Таежные леса в глубокой зелени. На луга словно кинут бархатный ковер, разостлан бескрайно; средь пушистого травяного узора блещет и сияет серебро реки; то укрываясь в усыпанных розовым кустах шиповника, то открываясь солнцу, подобно невесте, вышедшей напоказ, струится небыстрая речка Зырянка.
Небывалая картина открылась сегодня реке: такой она еще не видела за версты своего пути, за века жизни своей... На излучину пришли веселые, шумные люди, вбили в мягкую землю брусья, посадили громадную мачту, устремившуюся верхушкой в небо, сдвинув кожаные тюбетейки, совещались, говорили всерьез и шутя...

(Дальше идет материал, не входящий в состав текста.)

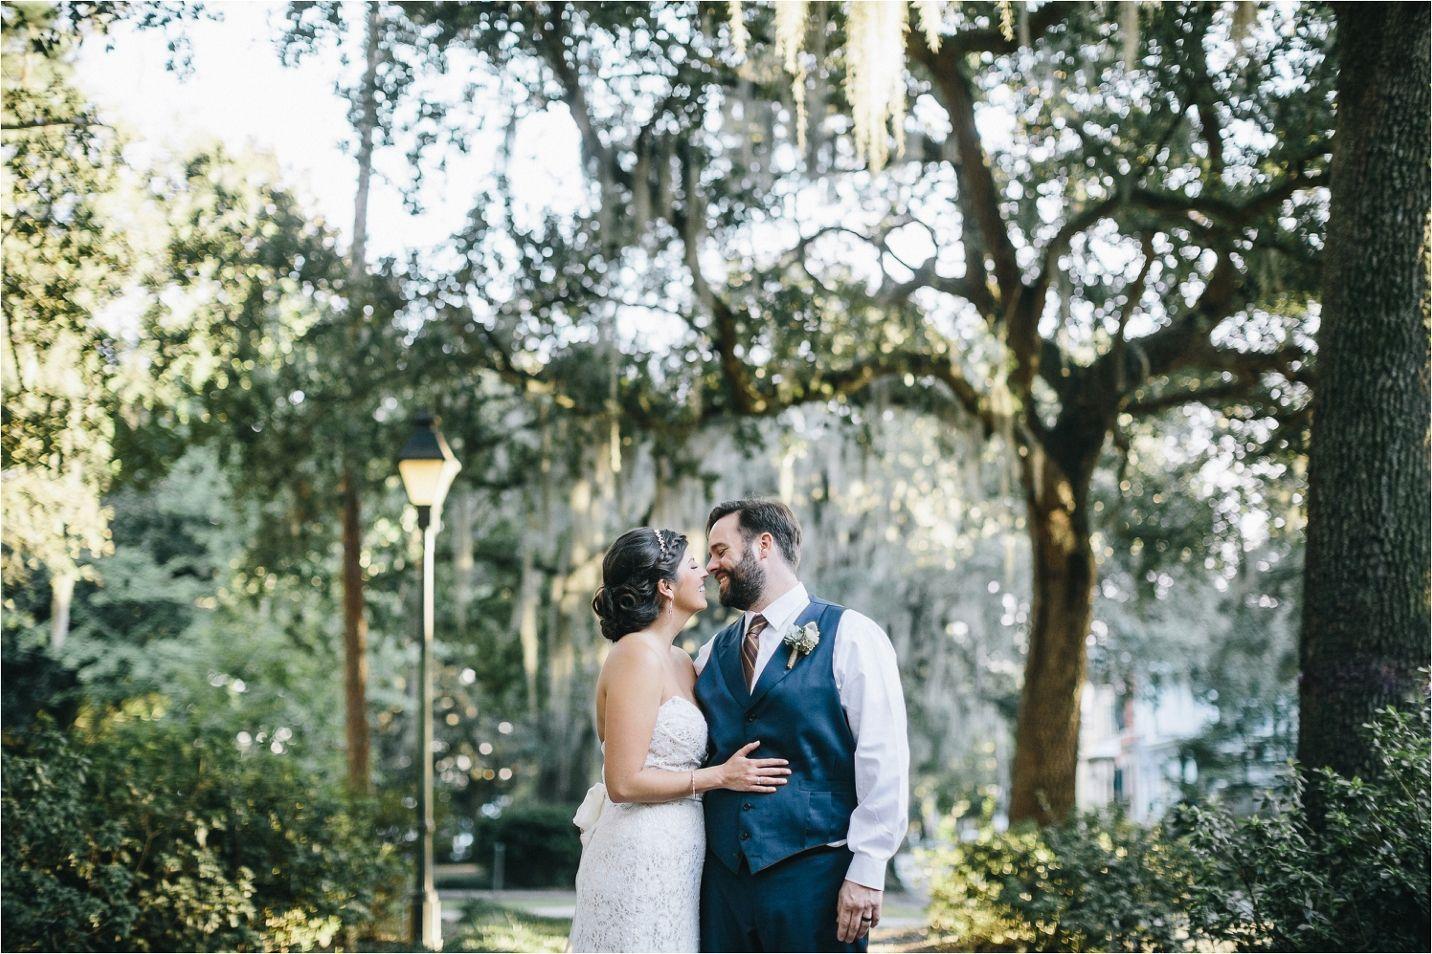 Amanda + Patrick | Real Wedding | Chatham Square, Local 11 Ten| Savannah Wedding Photographer, Wedding, Lace, Wedding Dress, Bride, Groom, Historic District, Downtown Savannah, Lace, Bouquet, Gastonian www.MackenseyAlexander.com

А вот уж дрожит воздух над речкою от голосов и гулов. Поют, заливаются гармони, плещут на высокой мачте тканые полотенца, на раздолье приречного луга возникает большой майдан — его образуют вставшие широким кругом, собравшиеся здесь люди.
Зульхабира и Нефуш пришли, чуть опоздав к началу. Вышло у Зульхабиры праздничное платье широковатым в поясе, сидит она, ушивает его, исправляет быстро и ловко; то ли от того, что нагнулась, то ли от праздничного настроения лицо у девушки заалелось, горит, словно маковый цвет.
— Ты, Нефуш, на меня не гляди пока, а то я стесняюсь. Воткну вот иголку в палец, придется тебе вместо сабантуя в больницу меня отвезти...
Нефуш и сам разоделся к празднику с иголочки, так и блестит, как самовар, не тускнеет: розовая рубаха из гладкого сатина, черные суконные брюки с карманами, привезенные с пермского «толчка» хромовые желтые сапоги — все это новехонькое; Нефуш чувствует себя неловко и стесненно, однако скидывать обновы не желает ни за что на свете, хочется ему показать себя Зульхабире, чтобы непременно оценила она; а еще хочется ему до смерти поговорить с ней, нашептаться, пусть хоть и глупостей, обняв любимую крепко, пересказать ей переполнявшие душу чувства свои, но Зульхабира — девка озорная, сама себе голова — близко не подпускает, не дает и слово сказать, ушивает праздничное платье.